Emergy’s four billion kroner Ukrainian wind farm is running for half a machine, and the box could be empty by February if technical issues are not resolved.
Norwegian wind energy firm Emergy, with notable investors such as Aker, Kjell Inge Røkke, Trond Mohn and brokerage Arctic Securities on the owner’s side, is fighting a desperate battle for survival.
Ahead of the weekend, the company announced that it had officially abandoned an attempt to raise four billion kroner to fund the giant Zophia wind project in Ukraine.
At the same time, the already completed Syvash wind farm in the same country was hit by major technical problems, with many turbines out of service.
“Funding to cover project costs is about to be tight if electrical system problems continue to prevent normal operation,” reads an update for Emergy affiliate East Renewable’s bondholders, published this weekend.
It was also emphasized that there is a risk of running out of cash in February “if the project is prevented from resuming operations as planned”.
E24 has sent questions to Emergy about measures being considered to avoid such a scenario, but has yet to receive an answer.
fire investigation
Emergy, formerly NBT, focused on developing wind energy in countries like Mongolia and China before hitting Ukraine hard in 2018.
Built in cooperation with France’s Total Eren, one of the country’s largest wind farms, Syvash has a capacity of 250 megawatts and a price tag of more than four billion kroner.
Emerge funded its share of the project cost in part through a €75 million bond loan from the European Bank for Reconstruction and Development (EBRD), issued by East Renewable.
After severe delays due to several technical problems, the park was finally completed last summer.

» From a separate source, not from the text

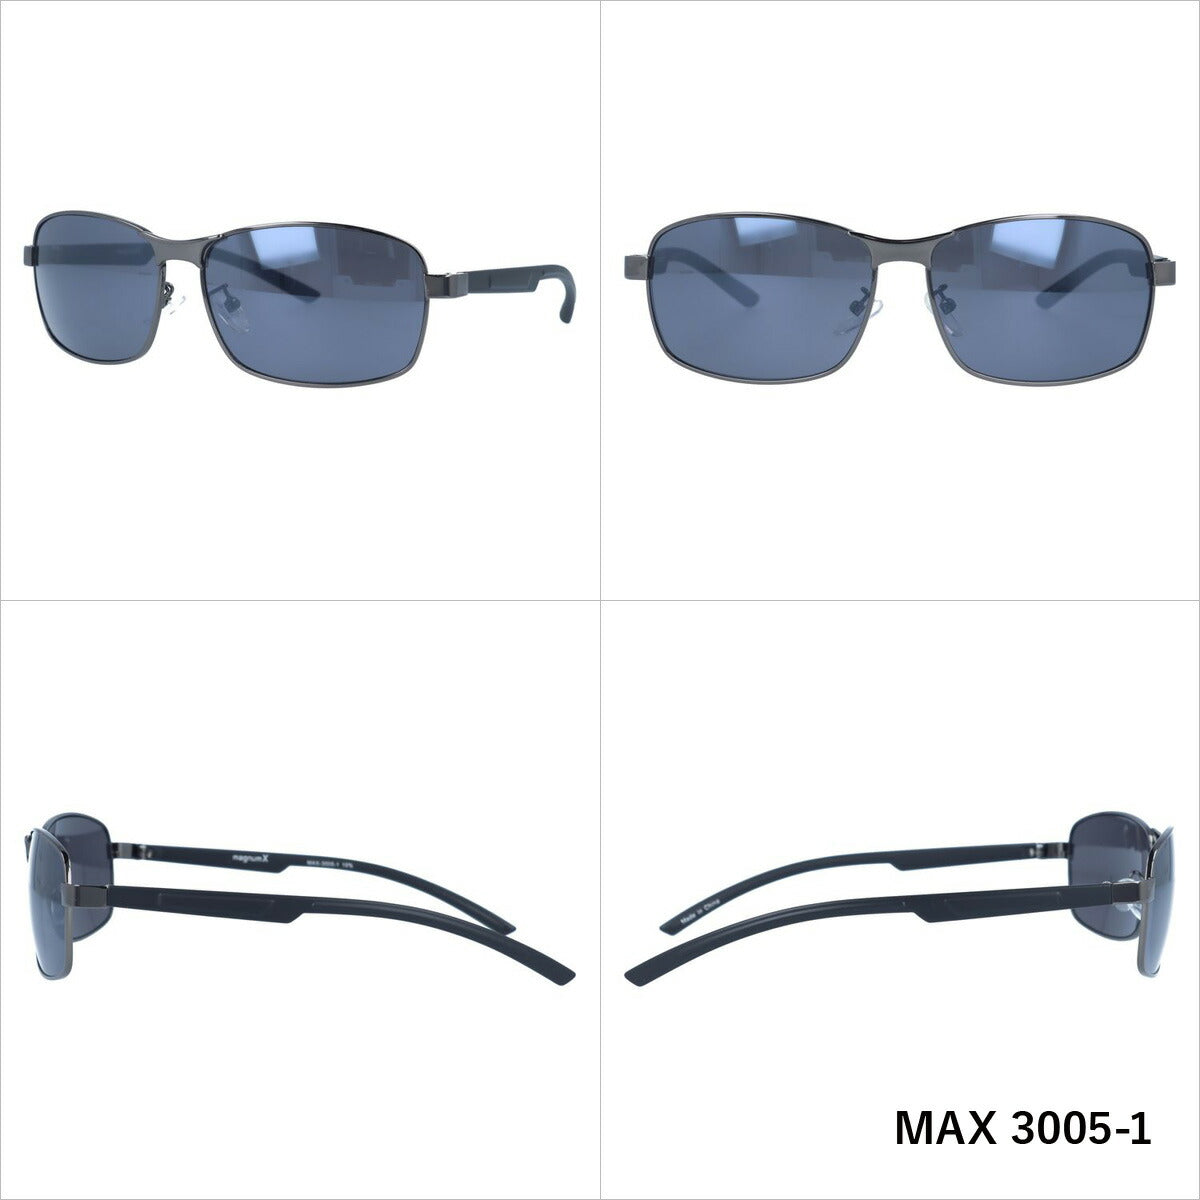 マグナムエックス サングラス ミラーレンズ magnumX MAX 3005 全3カラー 58サイズ スクエア メンズ レディース 紫外線対策 UVカット おしゃれ プレゼント ギフト

Then a fire broke out in one of the park’s 63 wind turbines in October, and large parts of the plant have since been shut down to investigate and repair the causes of the malfunction.

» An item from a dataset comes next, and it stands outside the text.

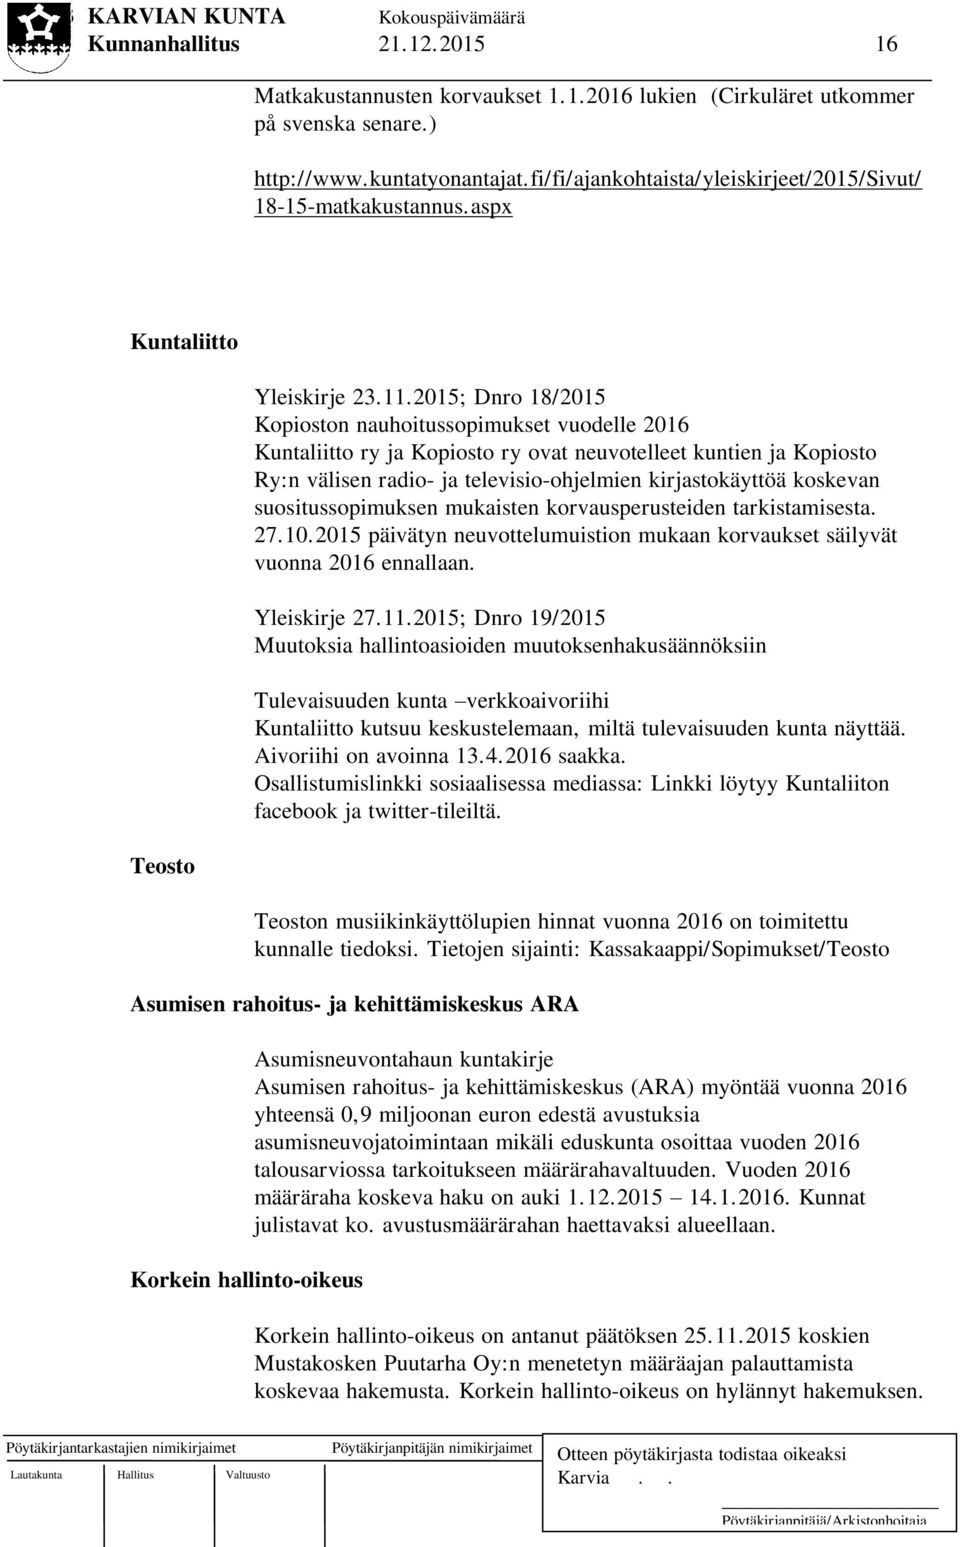 2015; Dnro 18/2015 Kopioston nauhoitussopimukset vuodelle 2016 Kuntaliitto ry ja Kopiosto ry ovat neuvotelleet kuntien ja Kopiosto Ry:n välisen radio- ja televisio-ohjelmien kirjastokäyttöä koskevan

Malfunctions were previously suspected both in the electrical connections and during the actual installation work.
The bondholders’ report states that “the most recent schedule assumes that all work was completed in the first quarter, with a certain probability that the work will slip into the second quarter.”
Affected by the turmoil
The Syvash facility is located in the Chaplynka region, at the foot of Lake Syvash, adjacent to the occupied Crimea.
Wind energy is sold to the state-owned company Energorynok, and at full capacity the park can provide electricity to 100,000 households.
E24 wrote before the weekend that Emergy had lost the opportunity to enter into a similar “feed-in tariff” agreement with the authorities to get power from its planned Zophia project, which is three times larger than Syvash.
However, Emergy notes that current prices in the private “dealer” market are currently higher than the tariff level for wind power.
“This creates an opportunity for attractive long-term purchase agreements, and the project is in constructive dialogue with potential buyers,” Emergy wrote in a statement before the weekend.
In recent months, the company has worked hard to delay the maturity of its large $1 billion debt.
A potential solution to the funding crunch arose when Aker announced its acquisition of $3.1 billion at the end of 2019, but the offer was withdrawn in January 2020.
The process was not facilitated by an increased level of conflict between Ukraine and Russia, the latter working to implement a massive build-up of troops along the Ukrainian border.
NATO chief Jens Stoltenberg said before the end of the week that The danger of conflict in Europe is real, after the meeting of NATO foreign ministers in a digital meeting at noon Friday.